Air France flight 66 landed in Goose Bay, Canada, after the fan section of the No. 4 Engine Alliance GP7200 suffered an unexplained in-flight break-up at 37,000ft.
Since the break-up occurred over Denmark-controlled Greenland, legal authority for the investigation rested with the Danish Accident Investigation Board. But Denmark delegated authority for the investigation to the BEA, Transport Canada says.
Transport Canada dispatched a team of investigators to Goose Bay on 1 October to assist in the unfolding investigation. They were joined by investigators from the BEA, as well as engineers from A380 manufacturer Airbus and from Engine Alliance joint venture partners GE Aviation and Pratt & Whitney.

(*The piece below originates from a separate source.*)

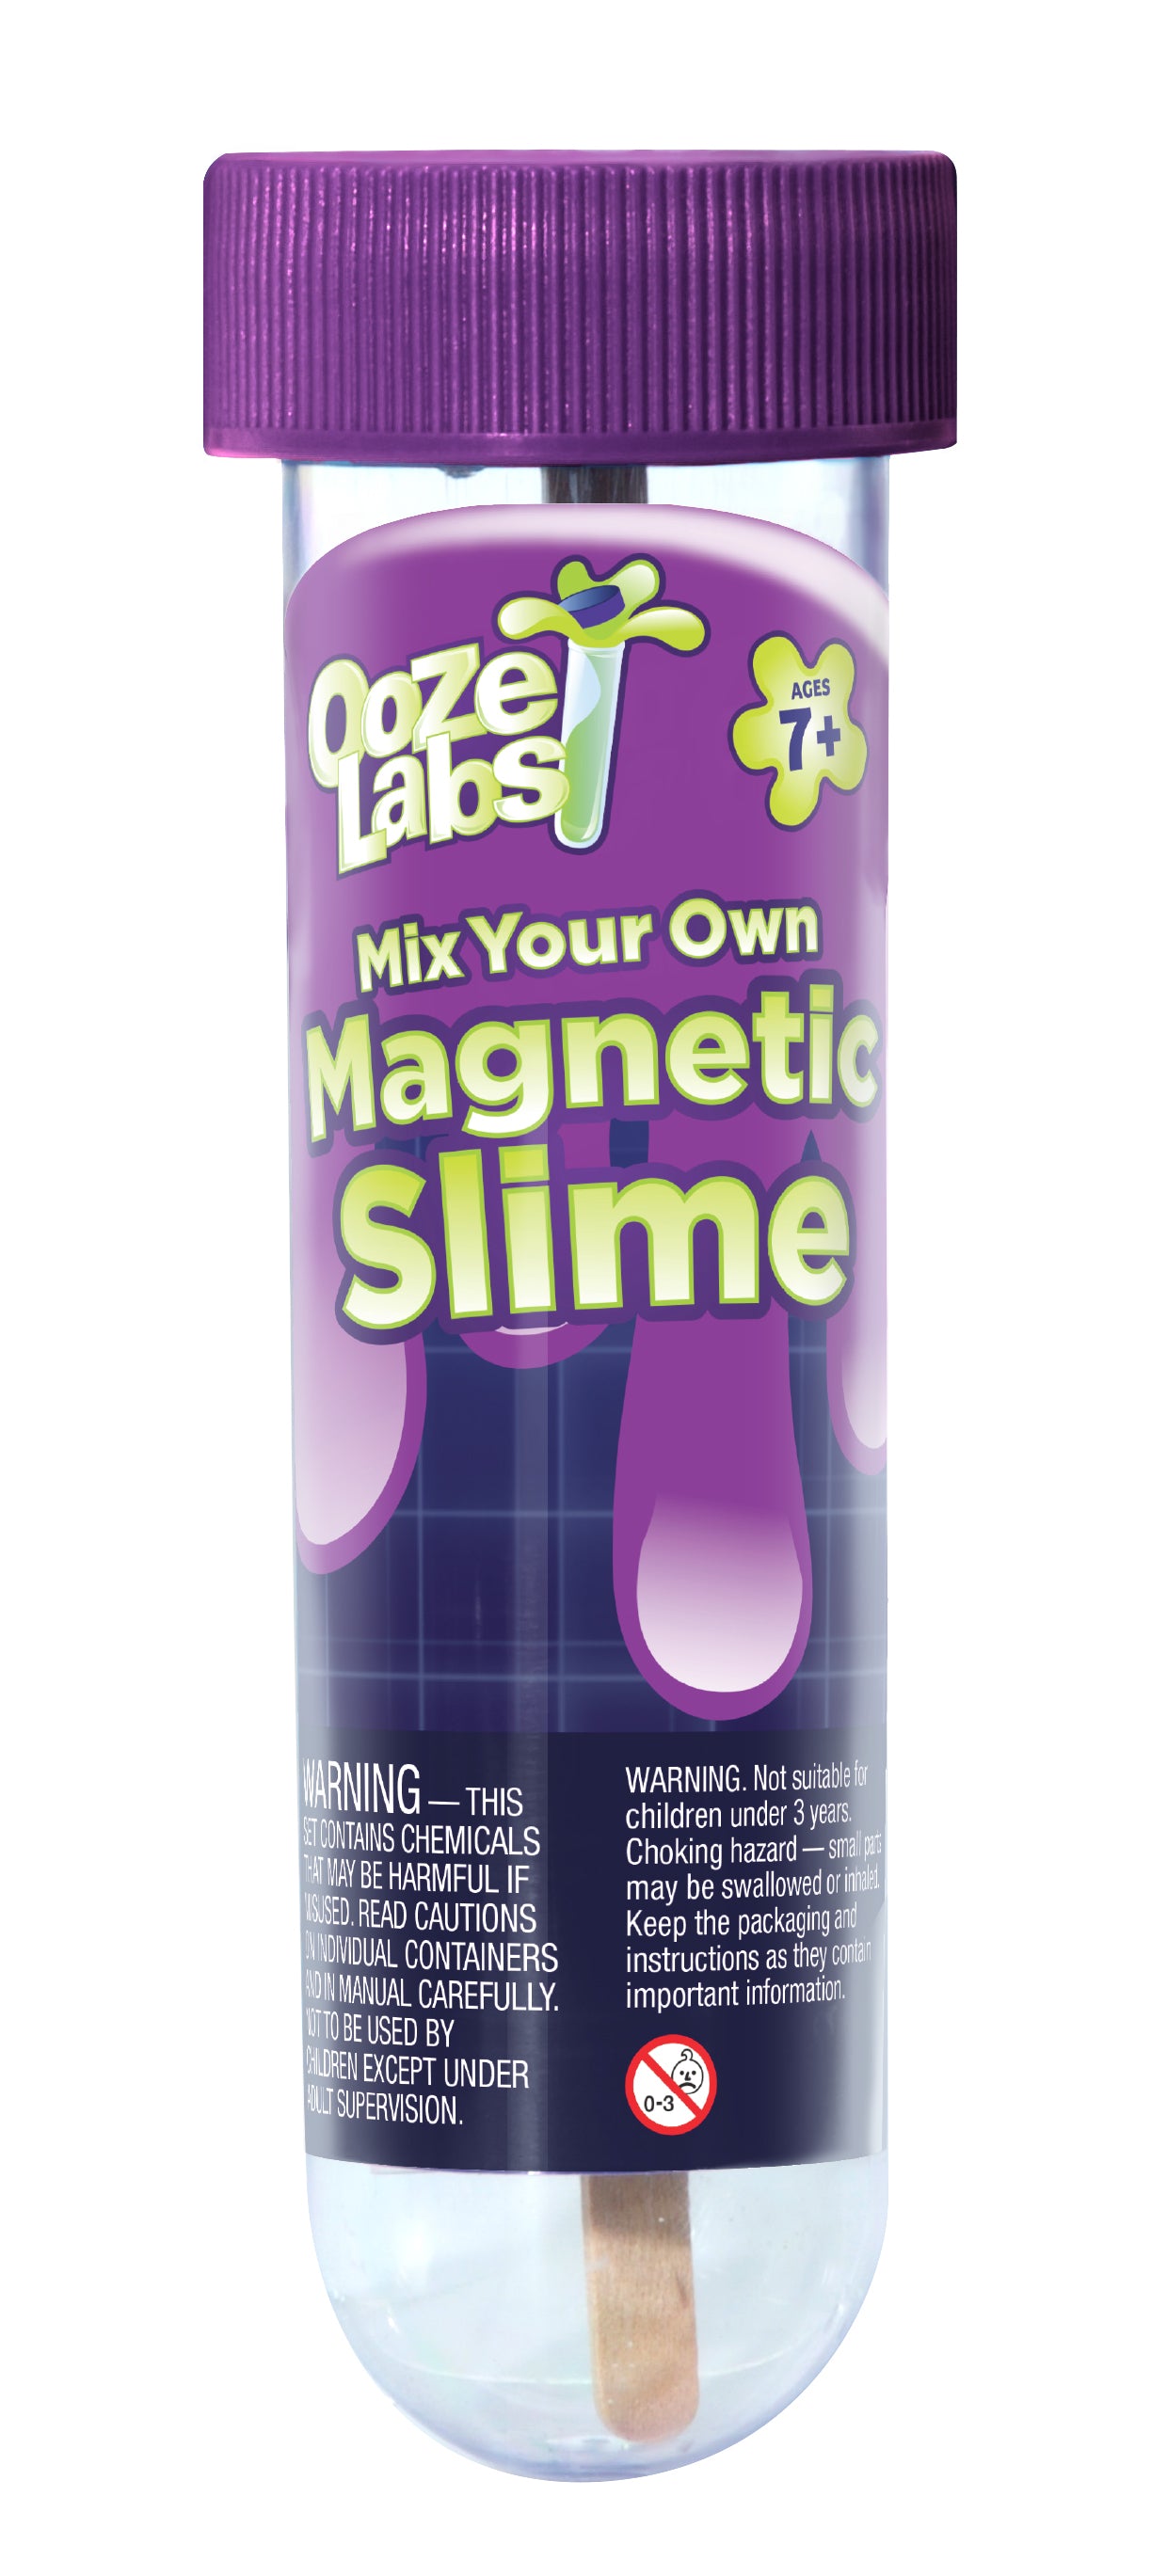 Ooze Labs: Magnetic Slime
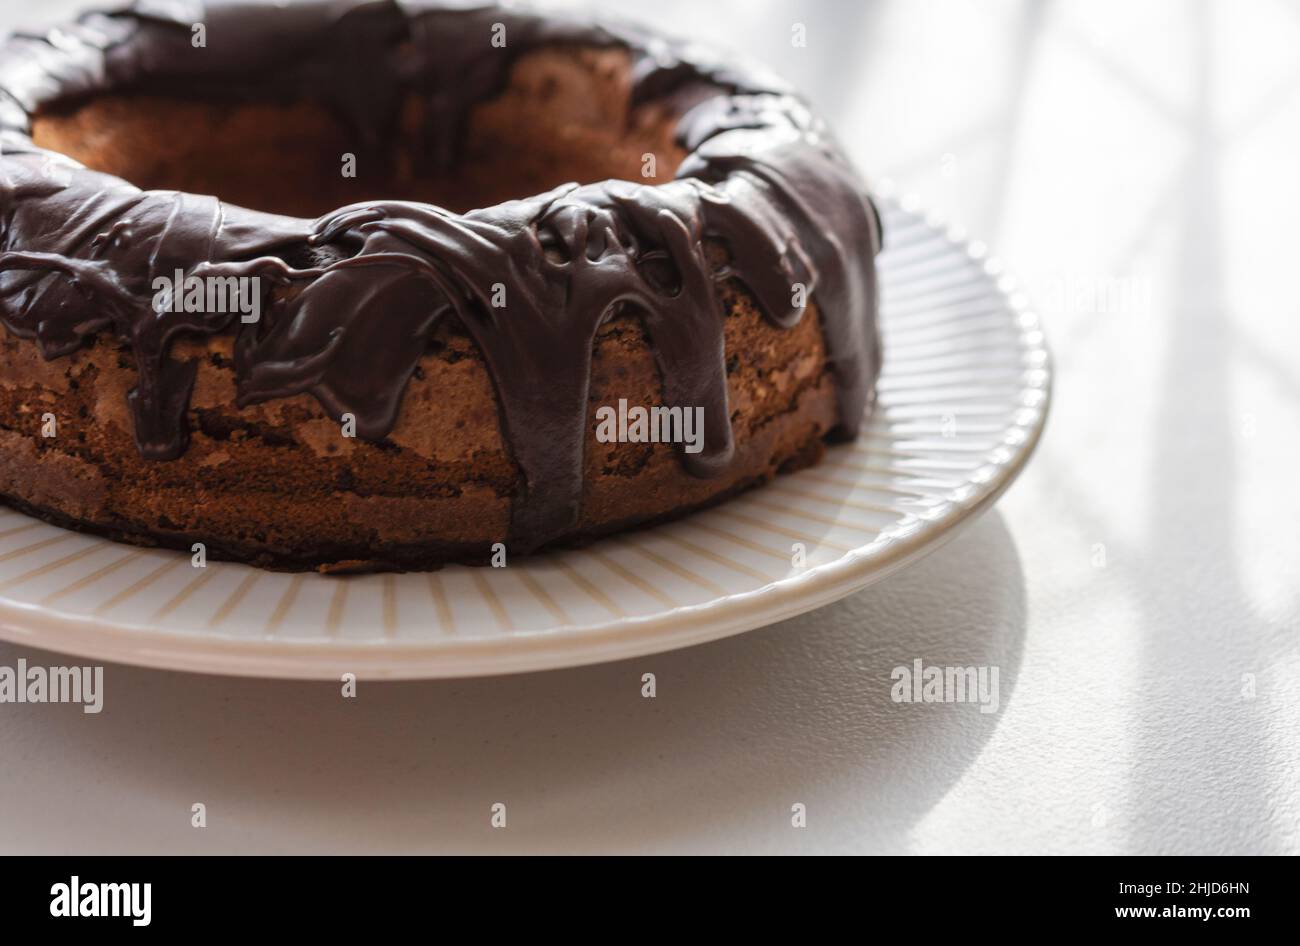 A whole chocolate bundt cake with fudge glaze.  Backlight from natural window light off camera. Stock Photo

The BEA-led team will scrutinise the most serious A380 engine incident since a Rolls-Royce Trent 900-powered version of a Qantas aircraft suffered an uncontained engine failure near Singapore in 2010. Investigators traced the cause of that incident back to a manufacturing flaw, which led to a turbine section failure.
The investigation of the GP7200 failure will instead focus on the rare destruction of an entire fan module in-flight. Pictures of the A380 in-flight and on the ground reveal a missing nose cowl, fan cowl and fan disc.
The Engine Alliance partnership assigns GE authority over the high-pressure core of the engine and P&W responsibility for the low-pressure fan and turbine sections. P&W manufactures each of the 24 wide-swept hollow-titanium fan blades on the GP7200.
Airbus delivered the A380 involved in the incident to Air France seven years ago, according to Flight Fleets Analyzer. It is one of nearly 130 A380s on order or delivered that are equipped with the GP7200 engines. Since 2009, the fleet of GP7200s in service had achieved a 99.9% dispatch reliability and – until 30 September – no in-flight shutdowns, according to P&W.